Nel frattempo mi sono prenotato un viaggio a Londra per il ponte dell’Immacolata concezione, che non mi muovo da un bel po’ di tempo fuori dal triangolo Genova-Bologna-Roma.. ed ecco spiegata la mappa della metropolitana.. che sarà la mia bibbia per i prossimi tre giorni.. ho deciso così.

Squat-low-budget-short-arms way of thinking

29 luglio 2009 ReF Nessun commento

[Locked In - The King]

Ok, la polvere dietro al lazzaretto è d’obbligo, ok anche che la pasta vegan del lazzaretto farebbe tornare voglia di mangiare carne (parola di Svenio), ok che a Bologna in stì giorni non c’è una fava per cui un po’ tutti i derivati del genere confluiscono nell’unico punto di interesse della serata e ok anche che Carpathian + Anchor + Rituals fanno il loro seguito (e potremmo parlare anche del fatto che i ragazzotti di Melbourne sono pure loro una manica di finocchietti).. ma la scena sta diventando sempre più fighetta. Al di là dei soliti bardasci con la smania di farsi vedere e delle solite troiette con la smania di farsi adocchiare (in ballerine e pelle attillata anche se pesano un quintale.. e lì c’è grossa confusione), anche i cosiddetti addetti ai lavori tendono sempre più a prediligere la scena tamarra.. attenzione, apriamo una piccola parentesi.. non parlo di tamarria come i Knuckle Dust o come i Lamb Of God.. quella tamarria lì ci piace a noi, ha una ragione d’esistere e la sua manifestazione non può far altro che coinvolgere.. io parlo di tamarria intesa come Gigi D’Alessio, o peggio Gigi D’Agostino, incarnata nel corpo di un nuovo puero che vuole suonare. In sintesi il ridicolo vestito da hc kid.. e quindi ne segue lo stuolo di finti-fan con bombolette di lacca nello zaino per lisciarsi il pelo divenuto irto per l’umidità scatenata da sudore e clima dimmerda. Ci mancava giusto qualche spiaggione del cazzo con occhiali finto-revival-anni-60/70/80 e il cappello di paglia in testa.

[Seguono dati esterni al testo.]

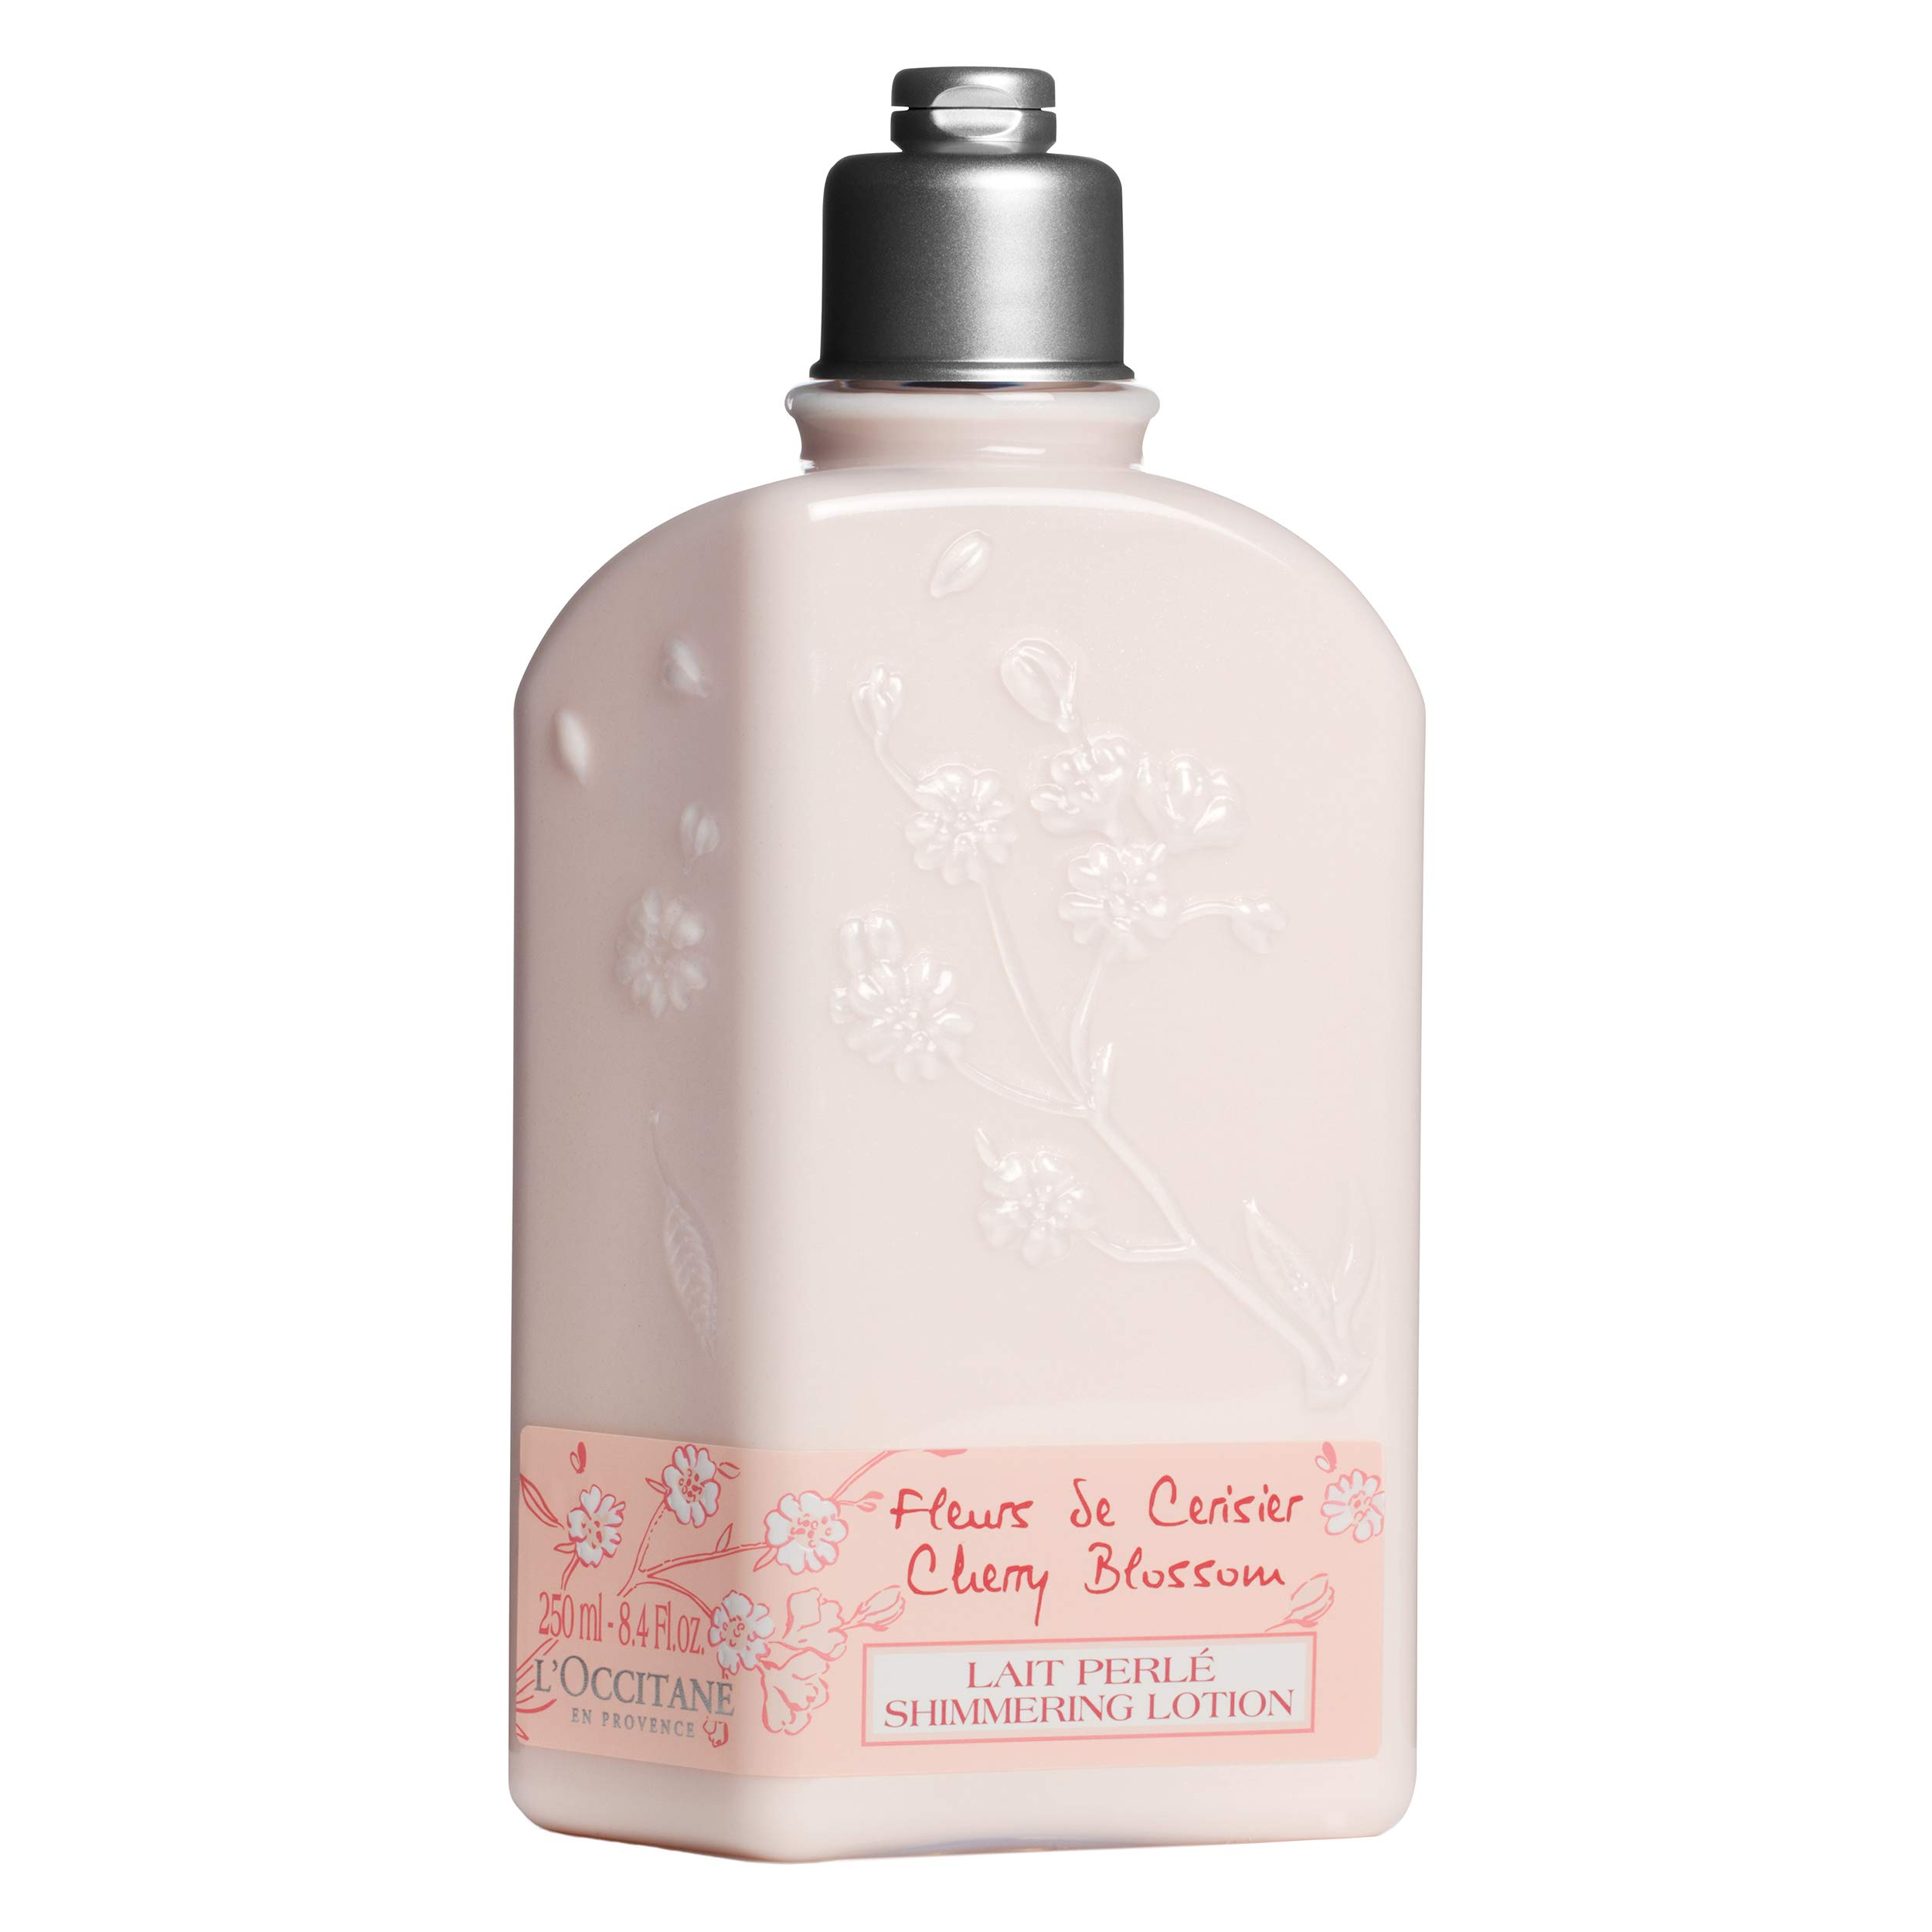 L'Occitane Cherry Blossom Body Lotion, 8.4 Fl Oz

Volendo potremmo parlare del festival-concerto che si è andato sviluppando tra alti e bassi.. e del fatto che se il biglietto fosse costato più di 5 euri sarebbe stato un ladrocinio. Potremmo dire che tra i tanti gruppi italiani i Locked In sono quelli che mi hanno positivamente impressionato per la seconda volta.. potremmo anche dire che la scelta dei due “gruppi” organizzatori della serata è stata quanto meno bizzarra, per non dire totalmente malata. In pratica due gruppi noti come Linterno e Lyon Estates si sono presi il diritto di infilarsi perfettamente tra i tre gruppi di testa.. in pratica hanno prodotto un aborto di scaletta che ha mandato la prova dei Rituals a farsi friggere. Potremmo dire anche che il doppio palco (o doppia pedana perché parlare di palco al lazzaretto sarebbe da matti) è stata una gran genialata, peccato che non abbiano pensato di sfruttarla.. cioè, voglio sapere a cosa serve il doppio palco se tra un gruppo e l’altro si continuano a perdere 15 minuti e più. Inoltre, se fai suonare i Linterno dopo una bella prestazione degli Anchor ma prima dei Rituals, è ovvio che tutta la fatica per fare un buon sound check in quelle condizioni degradanti va a farsi benedire. Lo ammetto, mi sono sentito sollevato quando c’è stato il black out durante la “performance” dei bolognesi.

Volendo..

La serata è stata positiva intendiamoci, ma se ci fossero stati un paio di gruppi in meno ce l’avremmo fatta ad arrivare a fine show.. vabbè, magari ce l’avremmo anche fatta a far sentire bene da vicino, perché così com’è quel posto ti permette un’acustica decente solo a partire da 7-8 metri, ma non possiamo pretendere troppo per 5 euri.. in effetti.. adoro il low-fi.